Your dentist likes to see you every six months. During these visits, they routinely check your mouth and teeth for cavities and gum problems. But your dentist is also your first line of defense against something more serious: oral cancer.

Oral cancer includes cancers of the lips, tongue, cheek, floor of your mouth, hard and soft palate (the front and back of the roof of your mouth), and throat. Men are twice as likely as women to develop oral cancer, making it the sixth most common cancer among men.

This cancer can become life-threatening if it isn’t discovered and treated early. That’s why many dentists use these routine visits to check for signs of cancer.

“Evaluation of the oral cavity, including the soft tissues, is part of my exam when patients are in the office for a checkup,” says Todd Coy, DMD, Director of Cleveland Clinic’s Department of Dentistry.

What is an oral cancer screening?

An oral cancer screening is an important part of each dental checkup, says Dr. Coy. These screenings are comprehensive — and typically start before your physical exam even begins.

First, your dental hygienist will update your medical history with any changes that have occurred since your last visit. They’ll note if you’ve been diagnosed with any new conditions or diseases or are taking any new medications.
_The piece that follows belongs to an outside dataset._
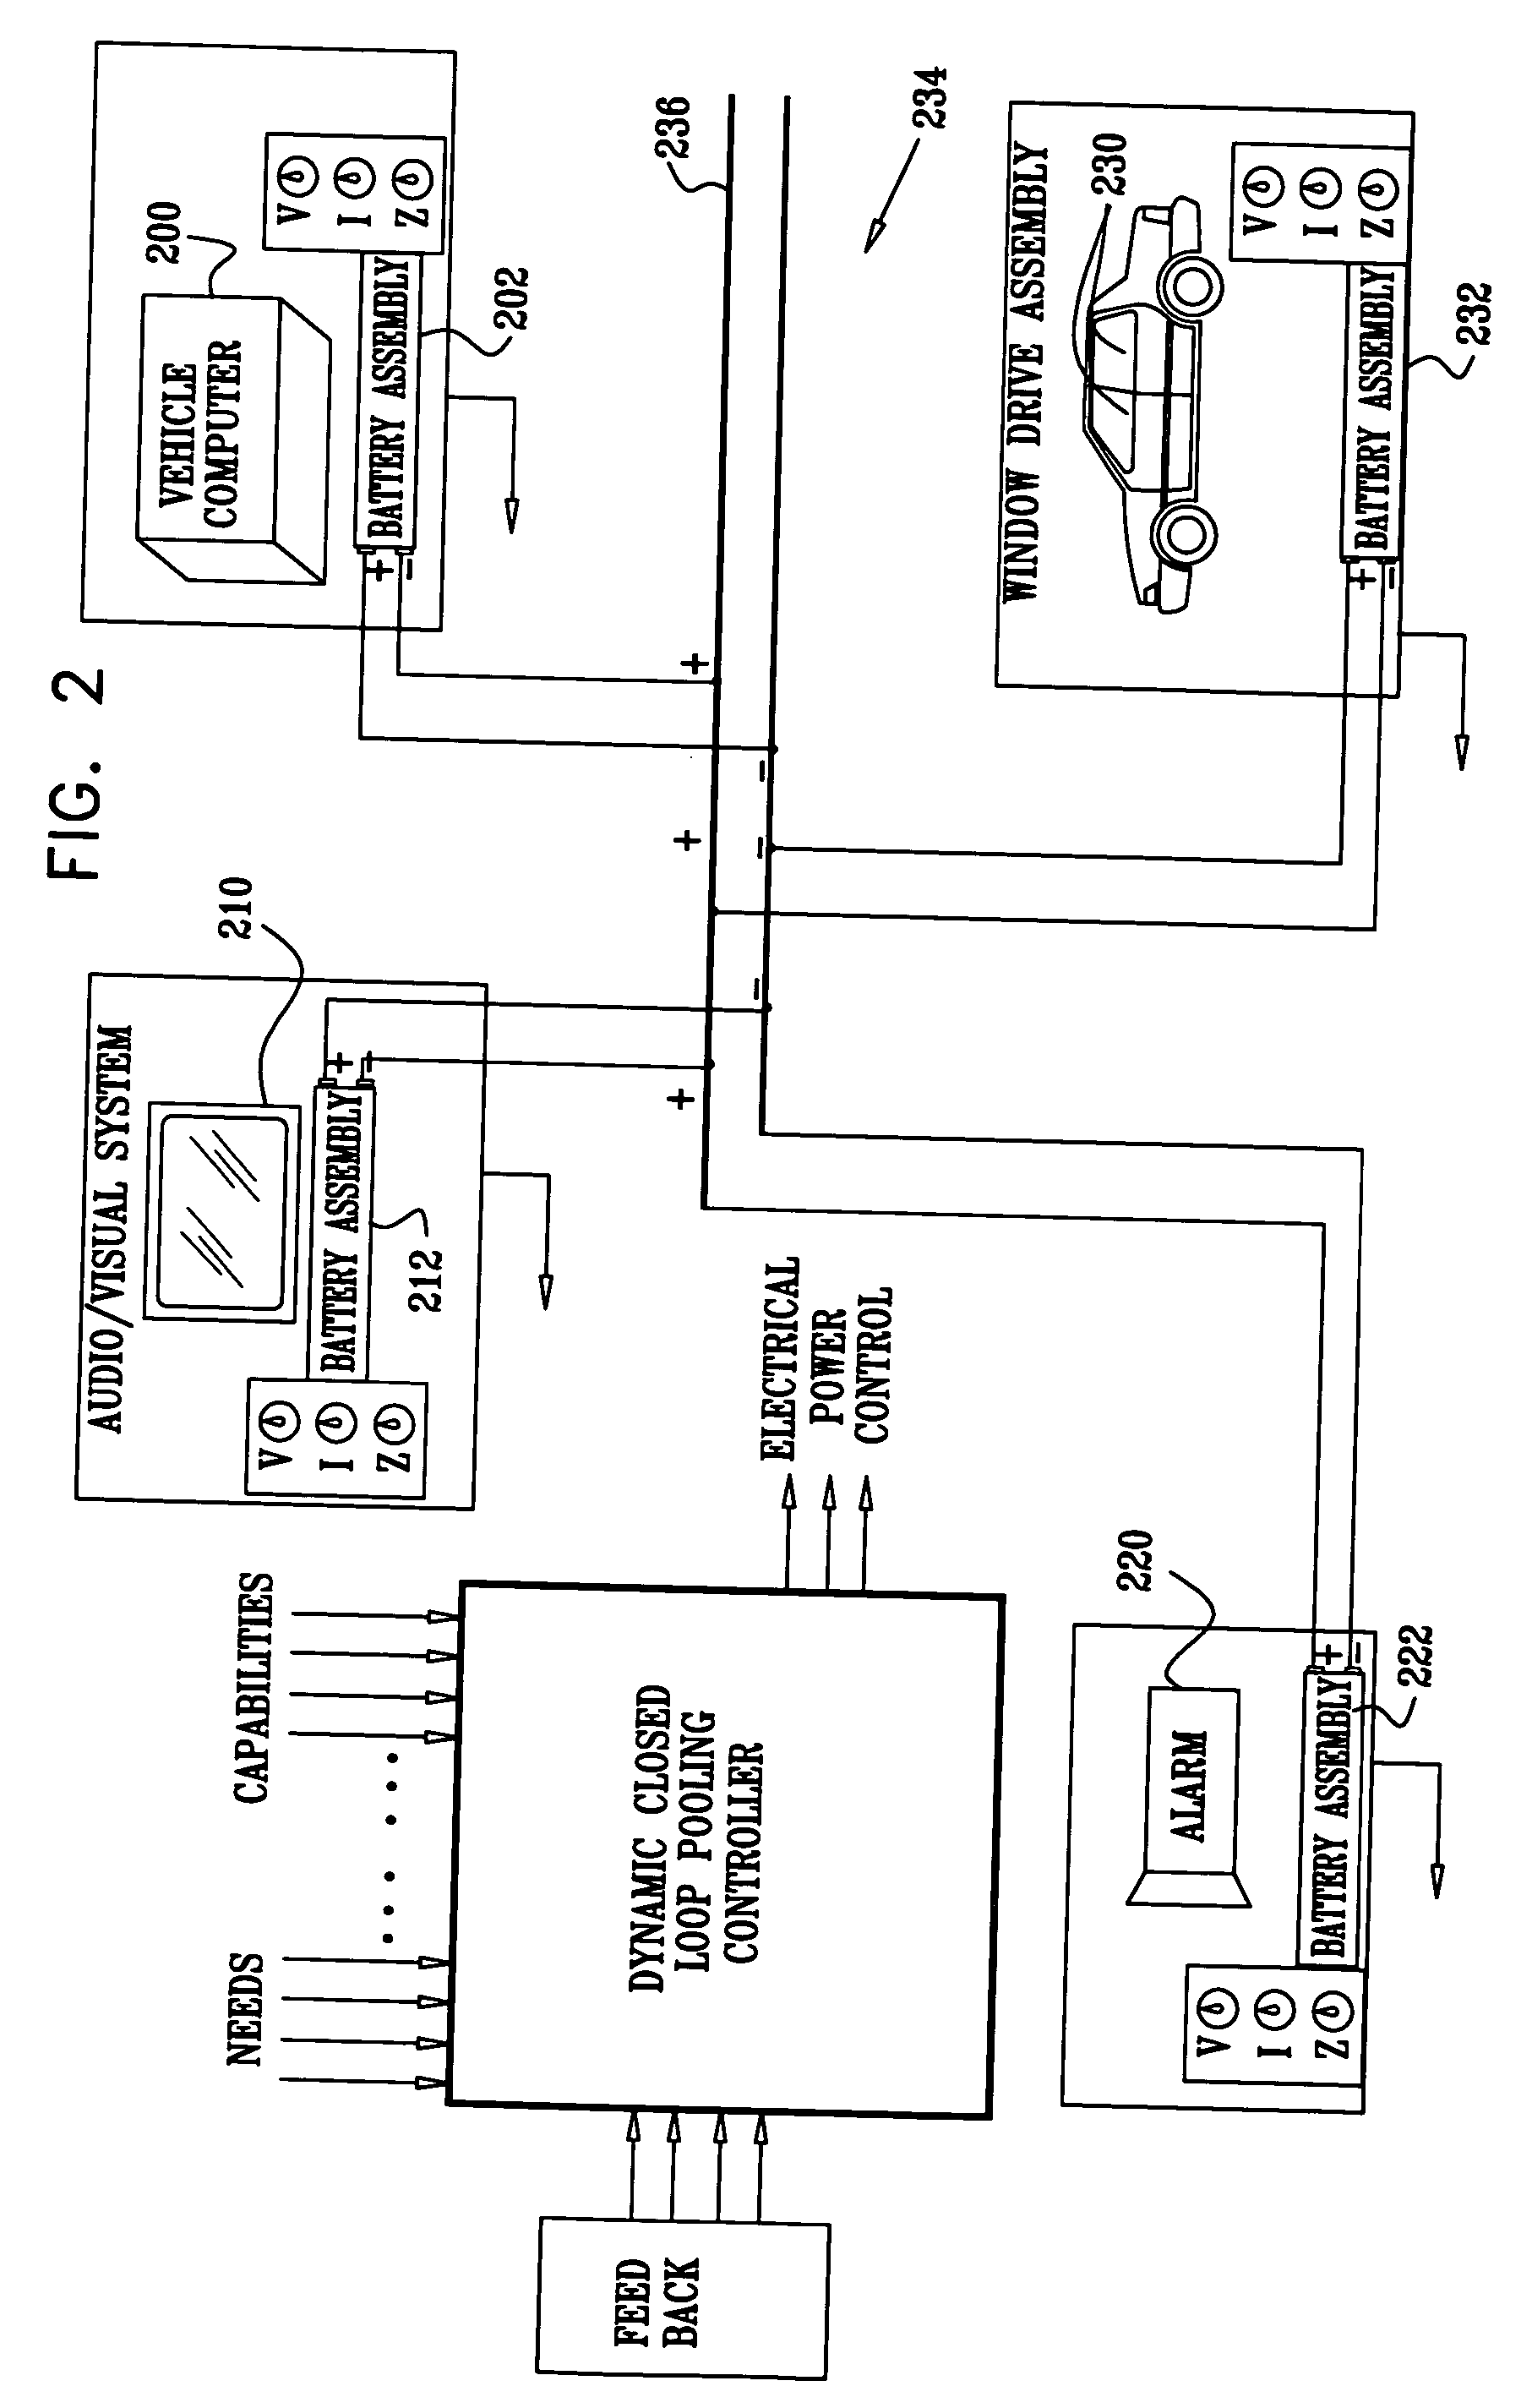 Power over ethernet switch node for use in power pooling
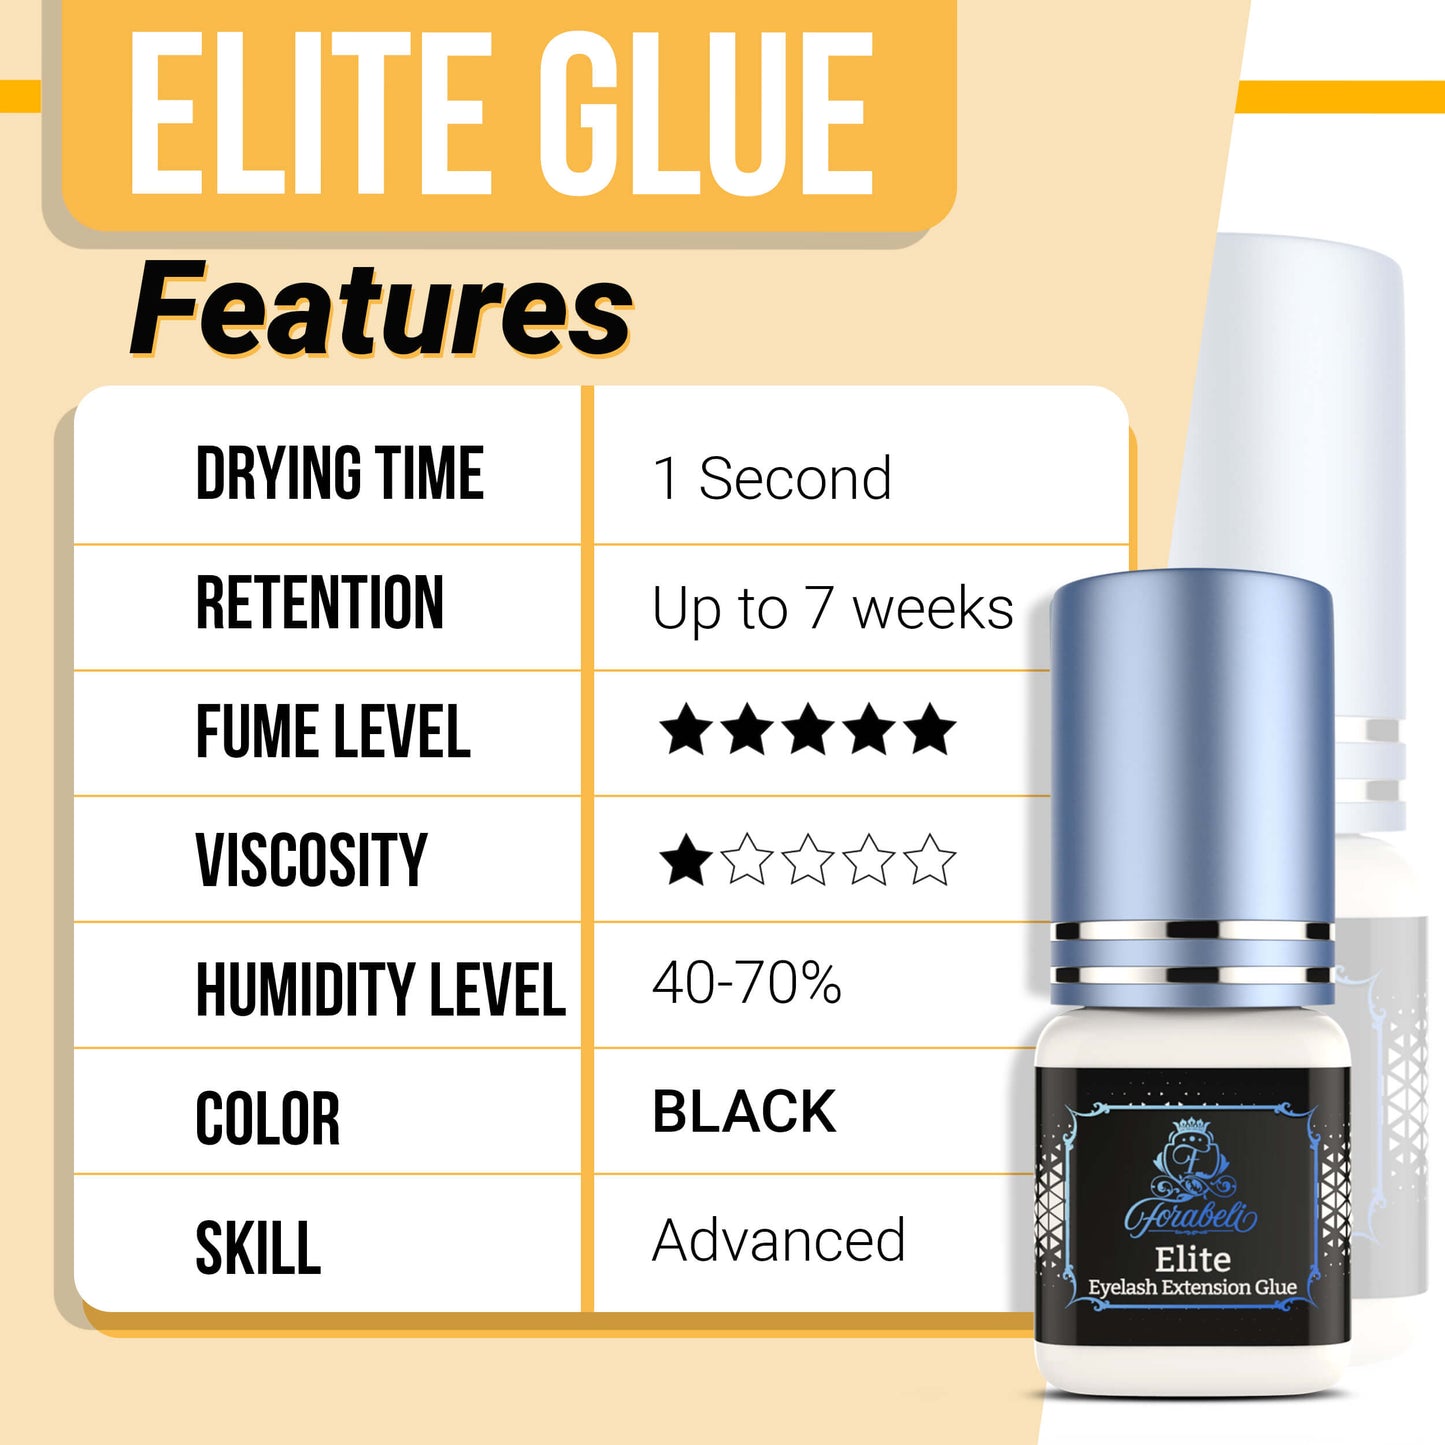 Elite eyelash extension adhesive with rapid drying time (1 second), impressive retention up to 7 weeks, low fume for minimized reaction risk, thin viscosity for a natural look, optimal performance in 40-70% relative humidity and 70-74°F (21-23°C), classic black color, designed for 2-3 years of expertise, water & sweat-resistant formula. Free from latex, cruelty, and formaldehyde.

The medical history likely will also include questions about your risk factors for oral cancer, which include smoking and excessive alcohol consumption. People who smoke and drink alcohol have an even higher risk of oral cancer.

Your hygienist or dentist also will want to know about your current overall health, including any dental concerns.

During the cancer screening, your dentist will examine areas that are both inside and outside your mouth.

“A screening exam should include an extra-oral exam of the head and neck, as well as an intra-oral exam of the lips, cheeks, tongue, palate, floor of mouth and gum tissues,” Dr. Coy says.

The dentist is looking for any lumps, sores or irregular tissue changes, including discoloration. If they find anything suspicious, such as a lesion, your dentist may recommend a biopsy or refer you to an oral surgeon.

Signs and symptoms of oral cancer

Oral cancer often appears as a growth or sore that doesn’t go away. For example, you might have persistent sores on your face, neck or mouth that bleed easily and don’t heal within two weeks.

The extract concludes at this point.